I found myself quite exasperated. "Miss Barrett, did the girl not try to explain why she had the chocolate?"
"Well, yes, but ... but ..." She looked down, clearly very embarrassed.
"Yet you ignored her explanation - you disregarded the word of a trusted sixth-former, a young woman soon to make her way in the world, and you beat her quite unjustly..." I let the truth of her actions hang in the air for a few moments. She continued to stare at her lap, her fingers interlacing, twisting awkwardly. "Well?" I demanded. "Do you have nothing to say, Miss Barrett?" Her posture revealed the pent-up tension that I sensed was about to burst. I was not mistaken, for quite suddenly she jumped up and almost shouted,
"Oh, for heaven's sake! I can't be expected to believe the word of every silly girl who comes up with some specious excuse! It's ... it's quite impossible! They're forever telling lies and ... and ... how is one supposed to know?" Her face was bright red, and her angry eyes stared at me defiantly. "Anyway, you're the one who appointed me to this impossible job when I wasn't ready! It's not my fault if-"

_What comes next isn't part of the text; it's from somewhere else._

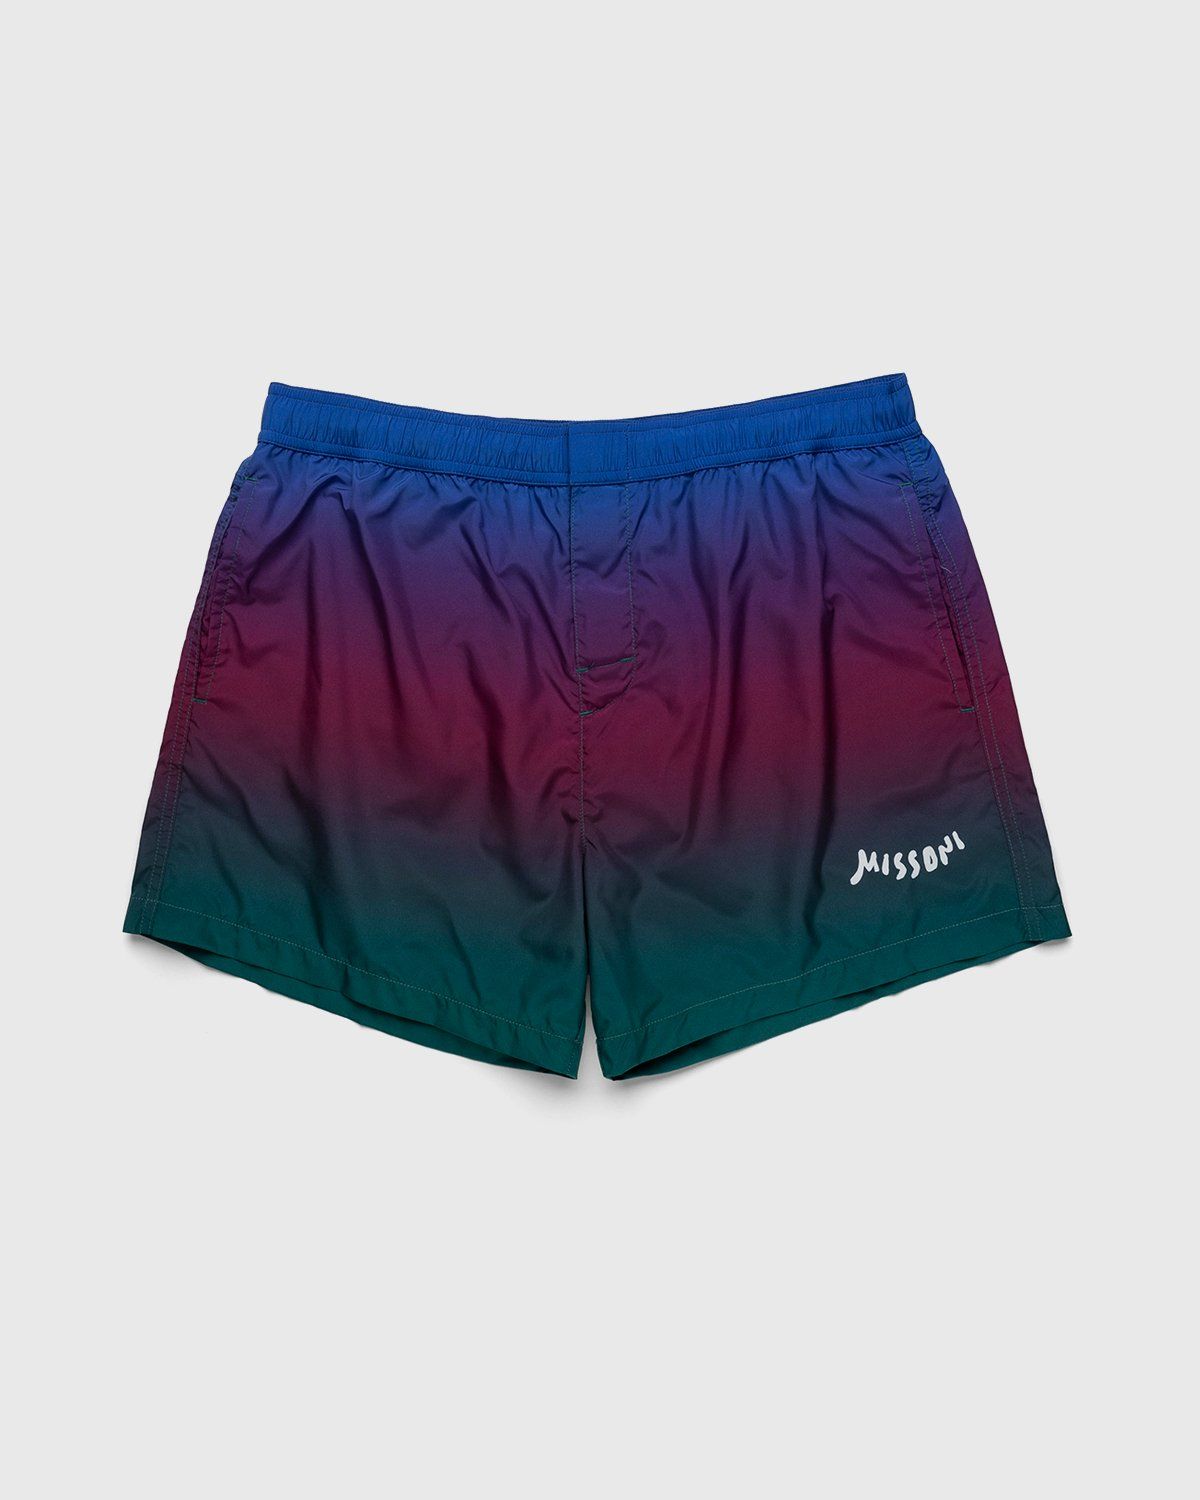 Missoni – Degrade Print Swim Shorts Blue - Swim Shorts - Blue - Image 1
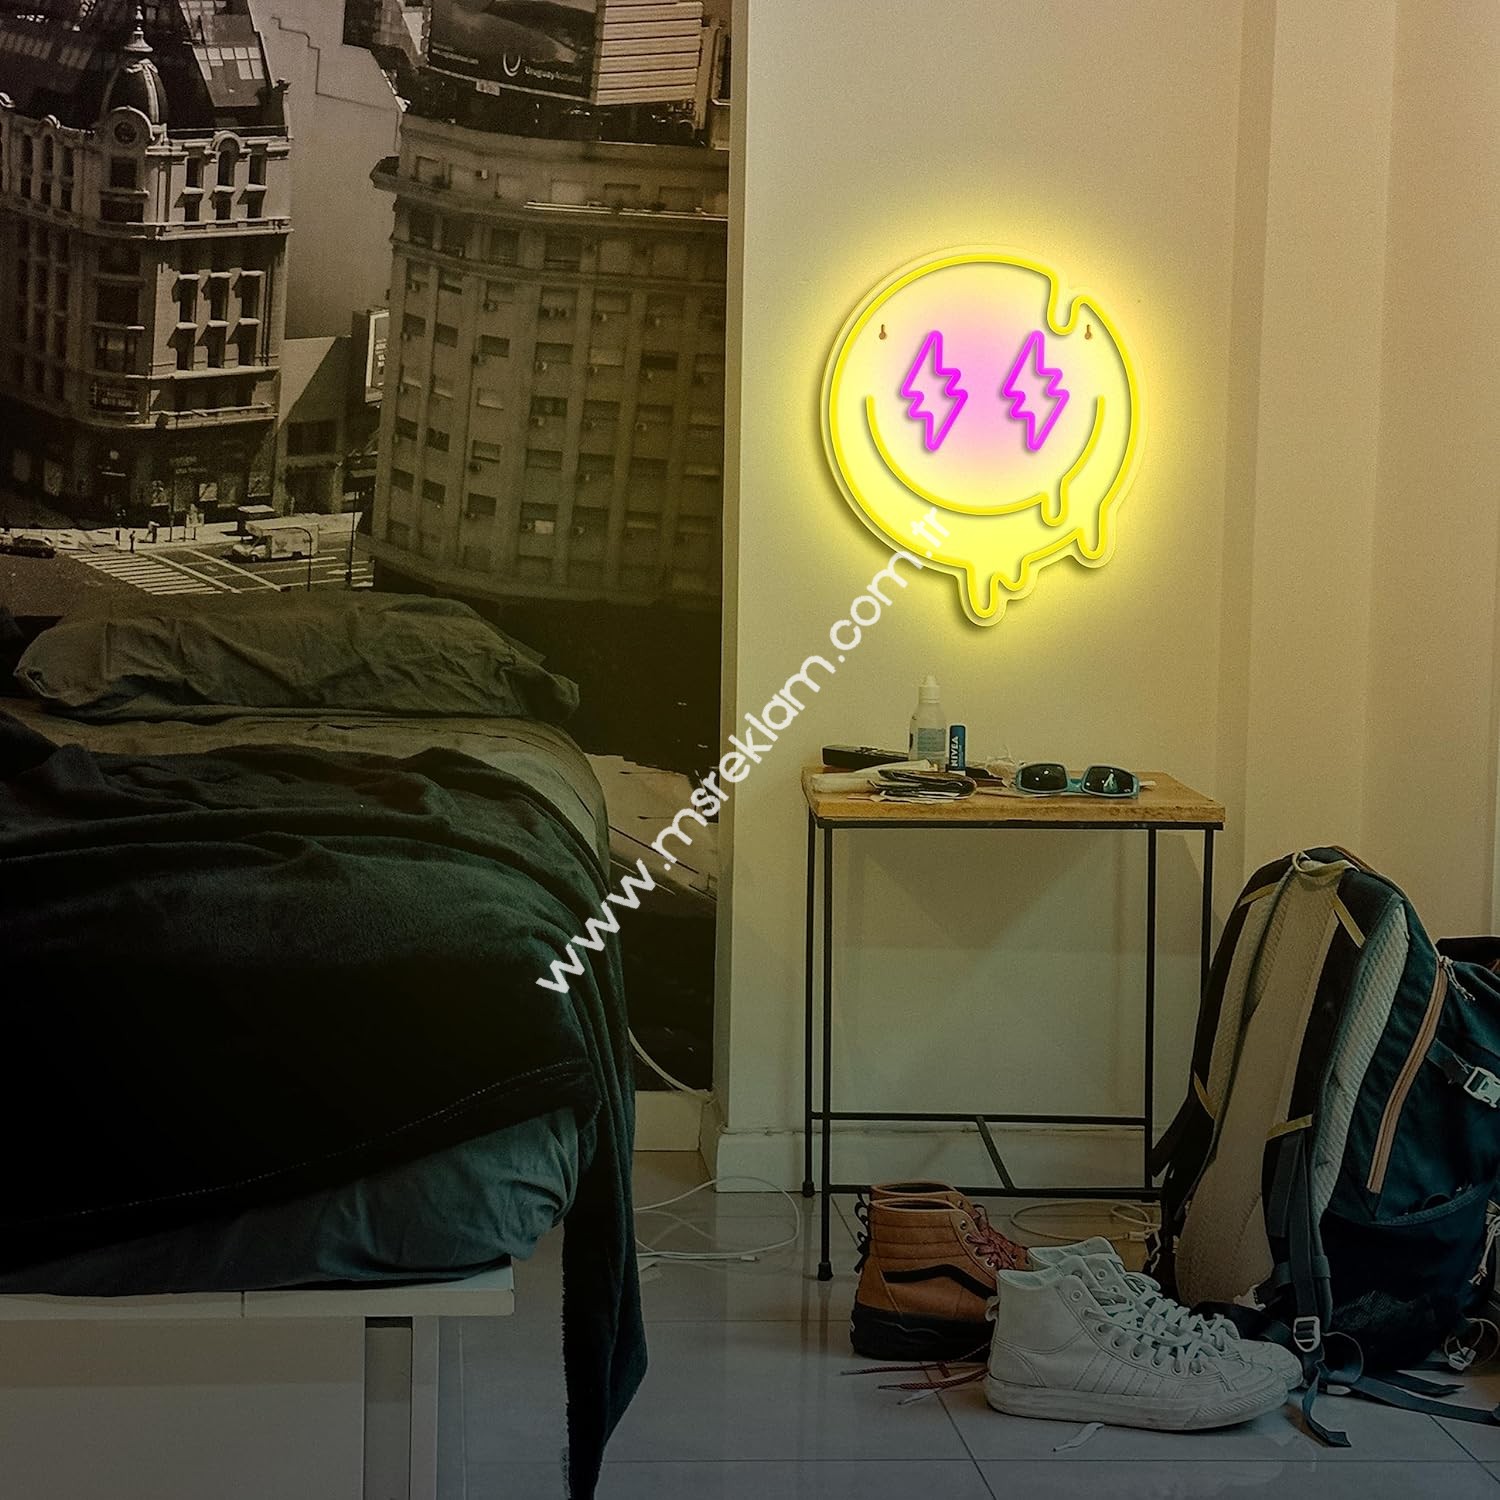 Eriyen Gülen Yüz (Melting Smile Face) Neon Led Tabela

I cut her off abruptly, my voice raised in annoyance. "Miss Barrett! That is quite enough! You are behaving like a foolish child!"
This seemed to stop her in her tracks momentarily, but then she carried on: "How dare you! You ... you ... Oh! This is unendurable. I ... I ..."
I observed her flushed face, the petulant pride fighting with the remorse I knew she must feel. "Miss Barrett," I said calmly but firmly, "you've behaved rashly and foolishly, and have perpetrated a serious injustice on a young woman with whose care you were entrusted." I took a deep breath. This was it. "I cannot help but think that what you need, young lady, is a taste of your own medicine. And that is exactly what I propose to give you."